モーリスに聞いてみると、近隣の村々では収穫祭などがあるが、街を上げての祭りはないという。祭りは街を活性化させる。皆が楽しむことはもちろんだが、経済効果も生まれる。
王都では年に一度、一週間続く大きな祭りがあり、近隣の街や村の人たちが足を運んでいた。レヴィンもお忍びで何度か行った。出店が並び、大道芸人が技を見せあい、華やかな仮装行列もあった。皆、大いに笑い、大いに楽しんでいた。
祭りをしたい、とレヴィンが言うと、モーリスは苦い顔をした。
実は先代の主人も同じ事を考え、企画を進めたことがあったという。ところが途中で宮廷の横槍が入り、潰された。厄介払いをした相手が王国の直轄地で余計なことをするなということらしい。以来、先代は庶民のためになるようなことは一切しなかった。
レヴィンはその話を聞き、自分が表立って動かなければやれるのではないかと思った。
ただ、祭りなど大きなものをいきなりやろうとすれば、関与を疑われる。まずは目を付けられない些細なものからやってみることにした。
クオンは本日のおやつ、木の実が入ったサクサク生地の焼き菓子を食べながら問うてきた。

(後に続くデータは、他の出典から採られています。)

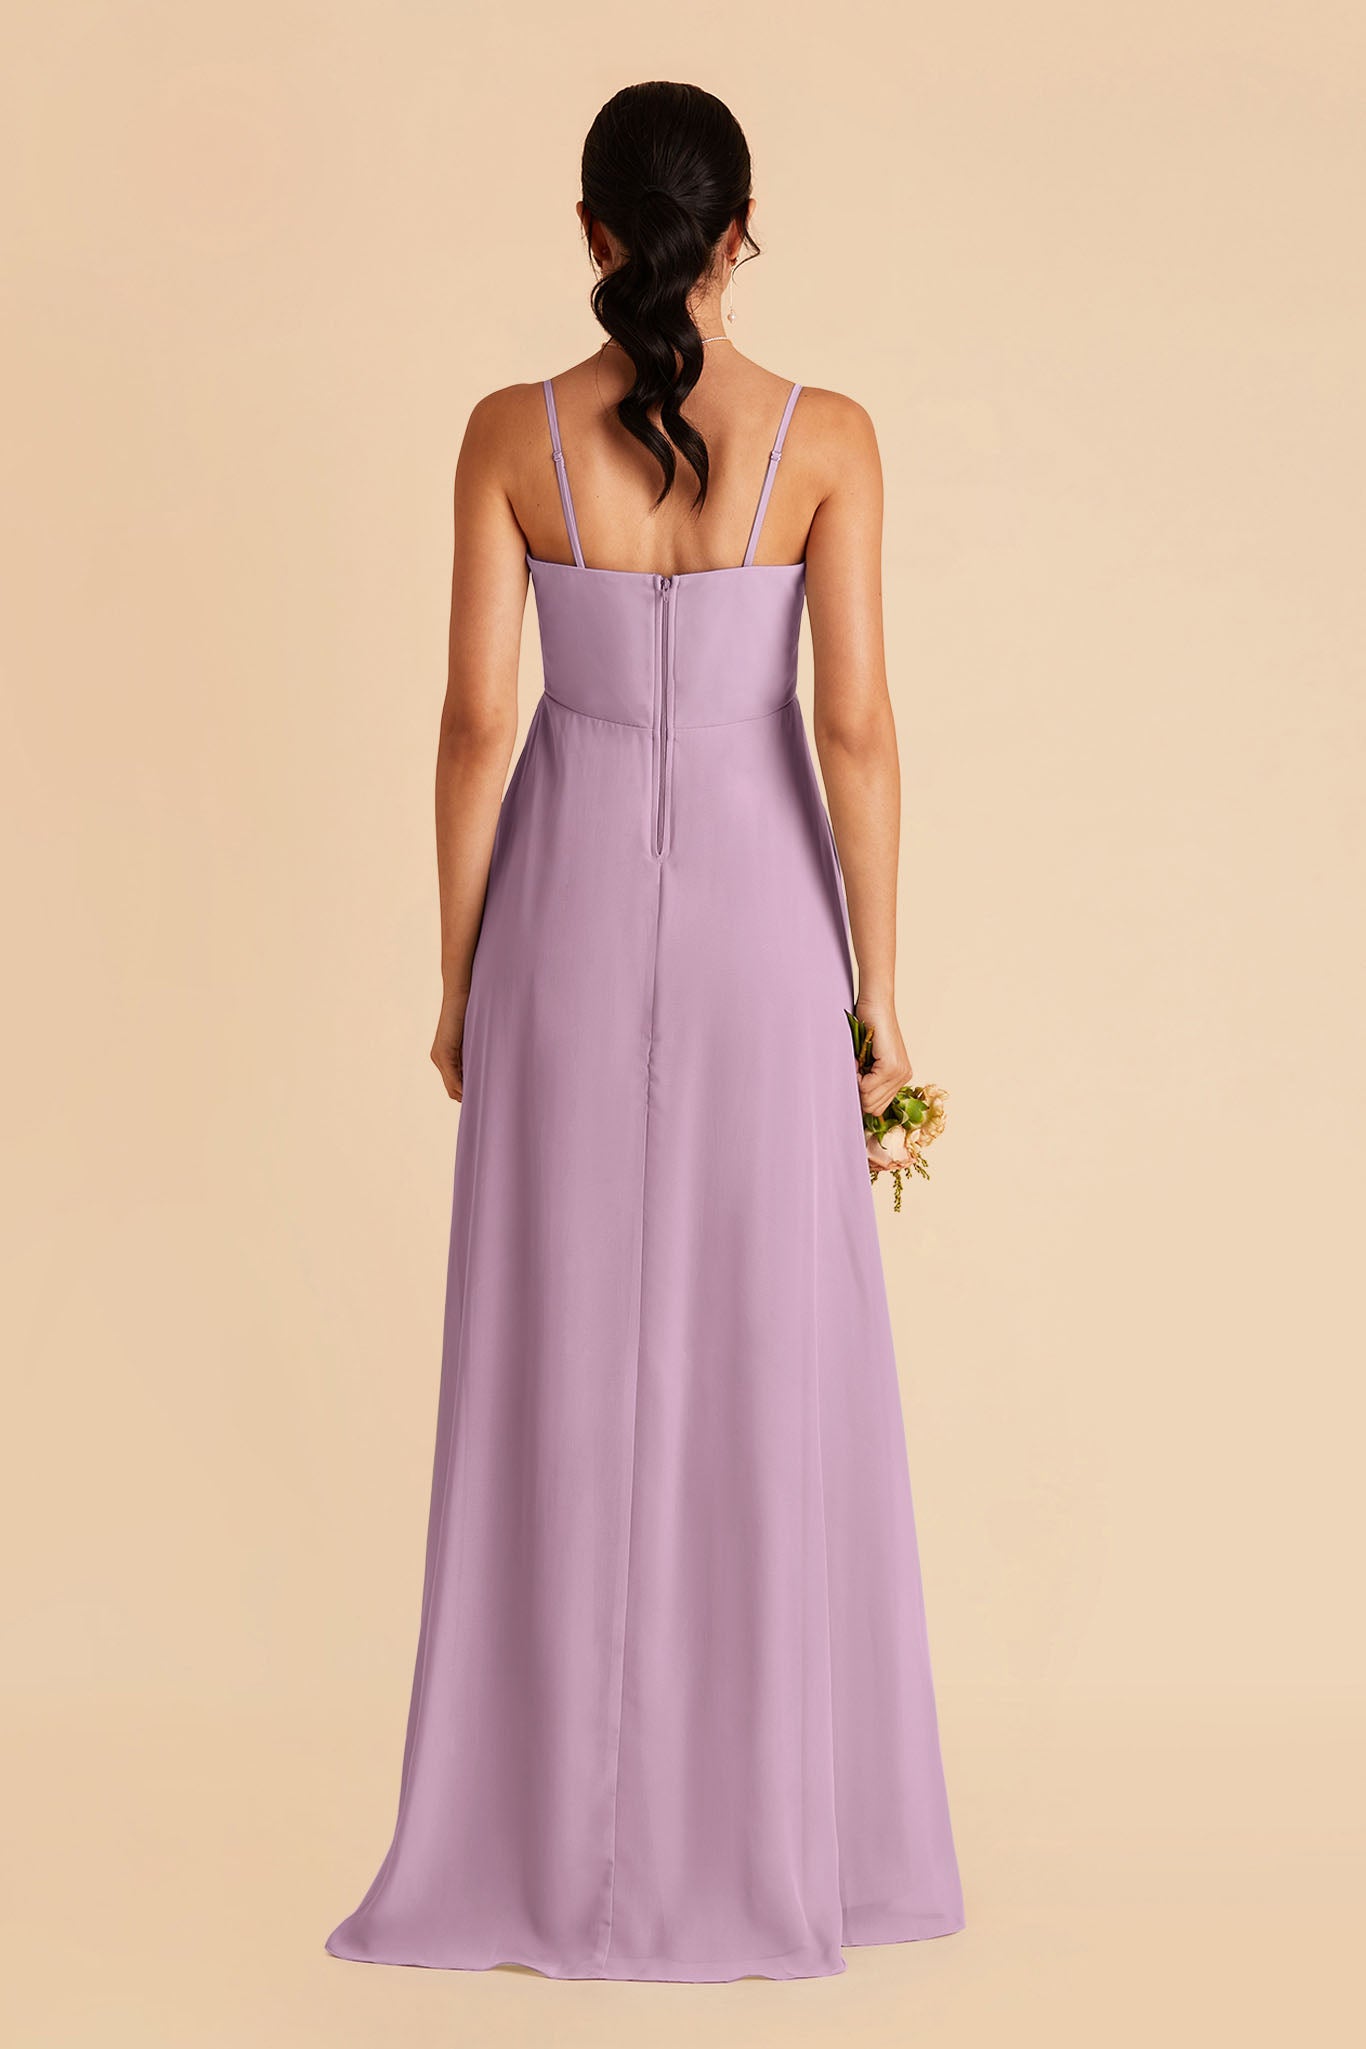 Lavender Winnie Convertible Chiffon Dress by Birdy Grey

「品評会ってことは、一番を決めるんだろ。賞金でもあるのか?」
「いや、金は出さない」
賞金を出せば参加者は増えるし、盛り上がるだろうが、それだと目立ってしまう。金が動けば出資者は誰かなど、詮索される。あくまで目立たずささやかに、だ。
「優勝者は『ヨーク家御用達』と名乗ることができる」
この催し物はお茶会好きで知られる名門貴族、ヨーク家の女夫人に協力してもらう。
主催の目的はお茶会に出すお菓子選びだ。優勝作品の菓子はヨーク夫人がお茶菓子として、一年間注文してくれる。
参加者にとっては夫人が気に入れば、その商品だけでなく、別の菓子を納める機会も望めるし、箔が付いて知名度も上がる。

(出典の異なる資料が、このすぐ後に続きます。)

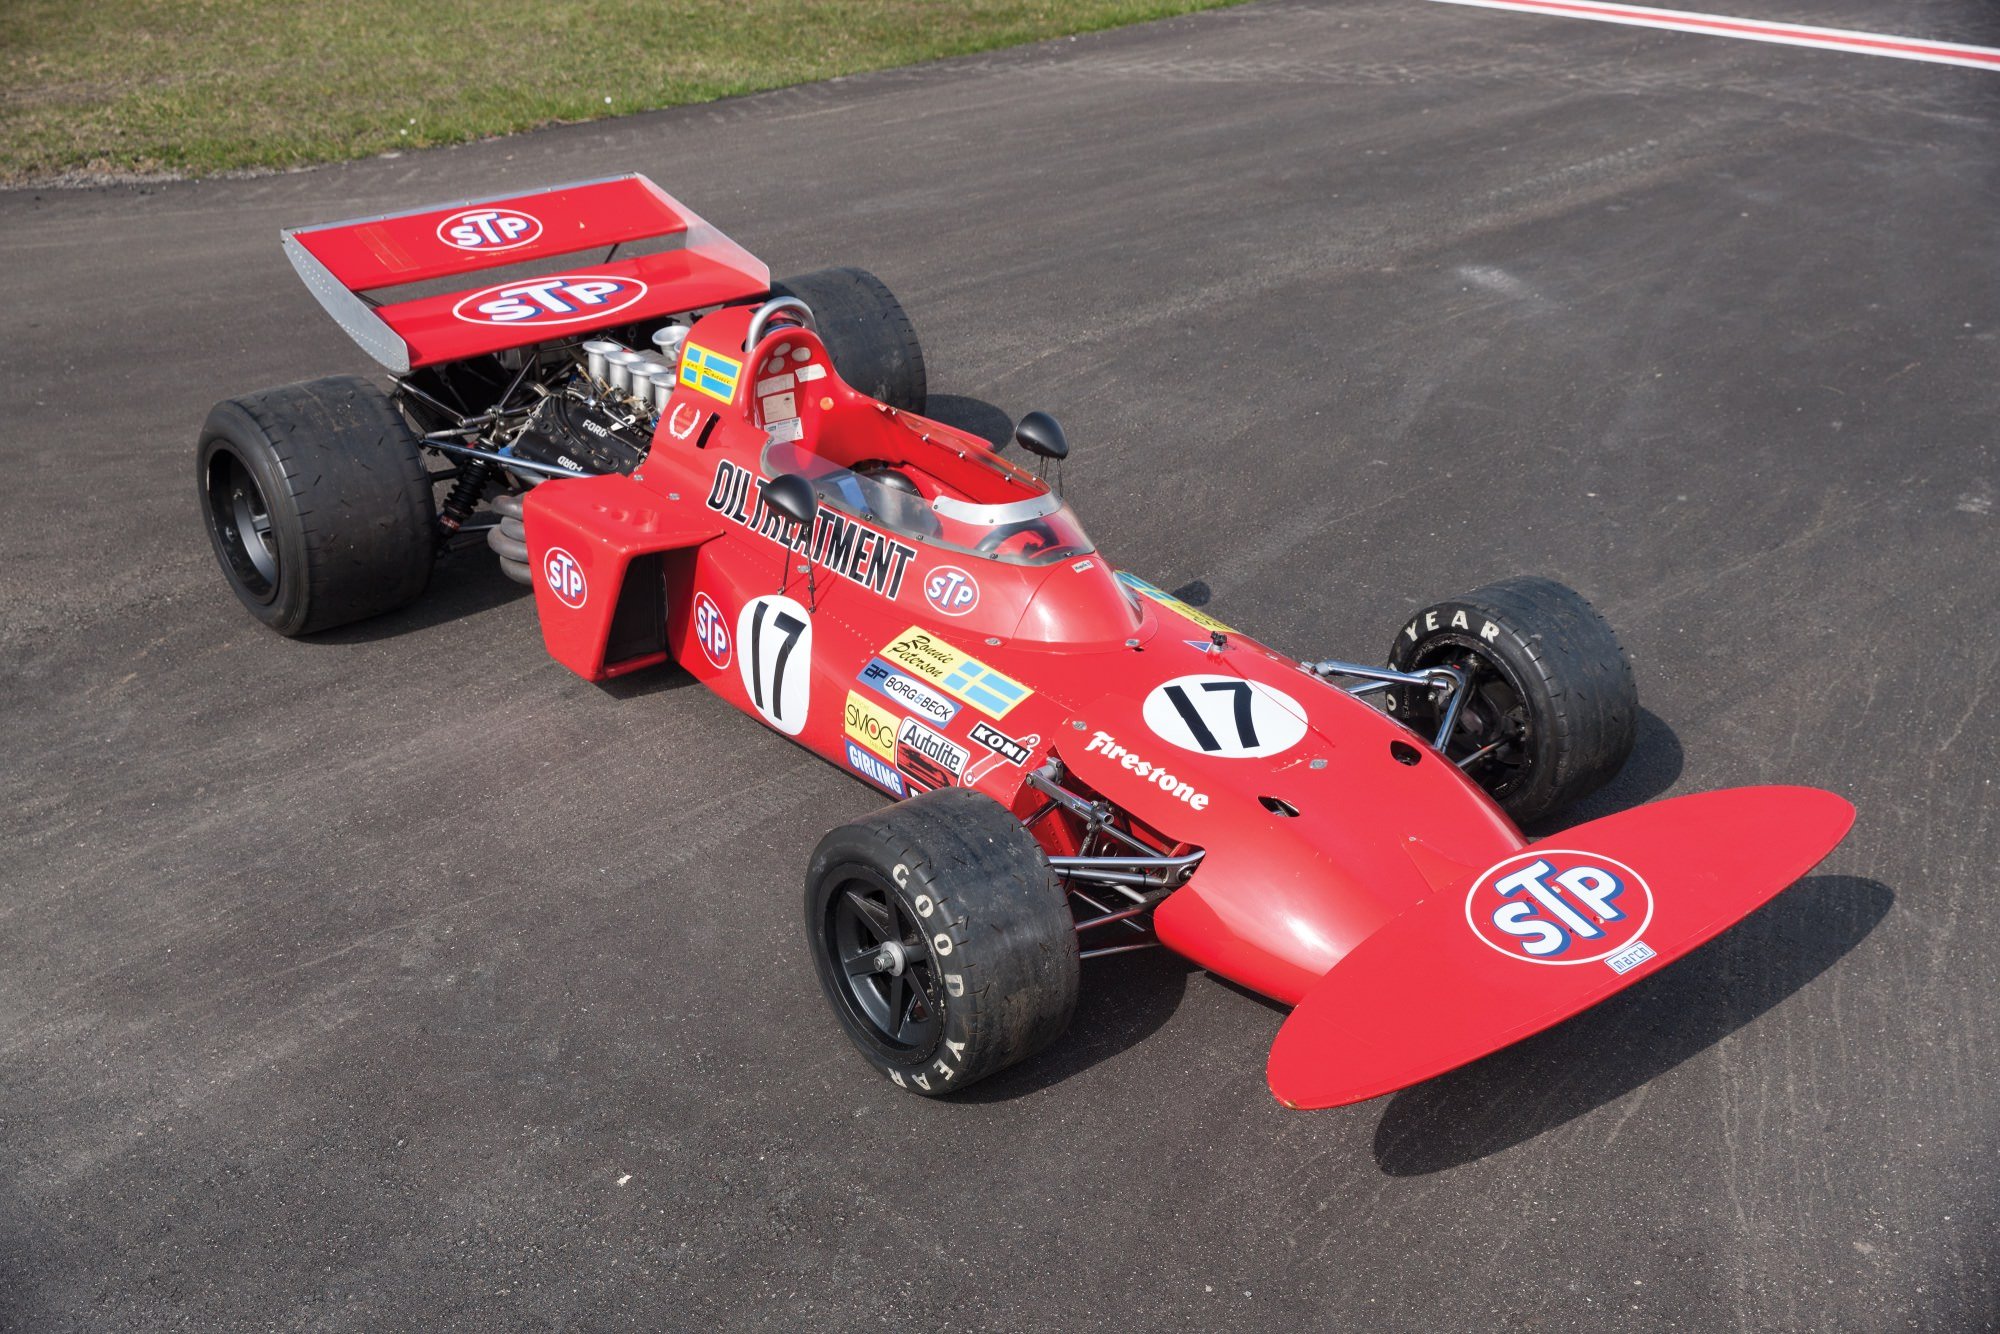 Niki Lauda's March 711 Formula 1 Car Silodrome

何より職人にとって腕を磨き、競い合う機会は新しいものを生み出す。レイトンという田舎街の目玉商品ができることも考えられた。
小さな催しを繰り返し、いずれ街を挙げての大きな祭りにつなげたい。レヴィンの構想を理解してくれたヨーク夫人は喜んで力を貸してくれた。
菓子品評会の主催者はヨーク夫人、審査員は夫人の茶飲み友達である貴族のご婦人方だ。
品評会の触れ込みは商人のフレディがやってくれている。ヨーク夫人からフレディに依頼してもらった。この件にレヴィンが絡んでいることをフレディは知らない。
経緯を聞いたクオンは「おもしろそうじゃないか」と言ってくれた。
「ヨーク夫人って、俺の紅茶を買ってくれてる人だろ。いい人だな」
クオンは頬を緩めて紅茶を飲んだ。
「その話が出ると、言い出しにくいんだが」
「?」
レヴィンは一旦、言葉を切った。
「実は、ヨーク夫人がクオンに会いたいと言っているんだ」
「俺に? なんで」
「夫人は以前からクオンの香草茶を買っていた人だ。どんな人が作っているのか、知りたくなったらしい」
「…………」
「品評会の日に、会わせてくれないかと」
クオンはレヴィンの友人だとフレディから聞いたヨーク夫人は、会わせてほしいと言ってきた。品評会の話を快諾してくれた後に言われてしまい、無下に断れなかった。
クオンは飲んでいたカップを軽く揺らしながら考えていた。
窓から入る陽光がクオンの横顔に当たっている。
沈黙に耐え切れず、レヴィンは口を開いた。
「ダメだろうか……」
クオンはカップをテーブルに置いた。
「ダメってわけじゃないけど。貴族の屋敷に行くんだろ」
レヴィンがうなずくと、クオンはきっぱりと言った。
「着て行く服がない」
クオンは腕を組み、低い声で言った。
「レヴィンの屋敷に行くのとは違う。おまえだから恰好なんて気にしなかったけど、初対面の貴族の屋敷となったら話は別だ。それなりの服装でなければ失礼だろ」
直球で言われるとは思っていなかったが、似たような懸念はするだろうとレヴィンは予測していた。
「それなら大丈夫だ。クオンの服は作る。モーリスの親戚に仕立て屋がいるんだ。彼に頼めばモーリスも喜ぶし、モーリスも衣装代はいらないと言っている。日頃のお礼代わりに受け取ってほしい」
反論の余地を与えず、一息に言い切る。
クオンはそれでもためらっていた。気乗りはしないようだった。逡巡していたが、大きく息をひとつした。
「わかった。品評会はいつなんだ?」
「二か月後なんだ。服を作るには一か月はかかるから、近いうちに俺の屋敷に来てくれないか」
クオンは渋々だったが、うなずいてくれたのがとてもうれしかった。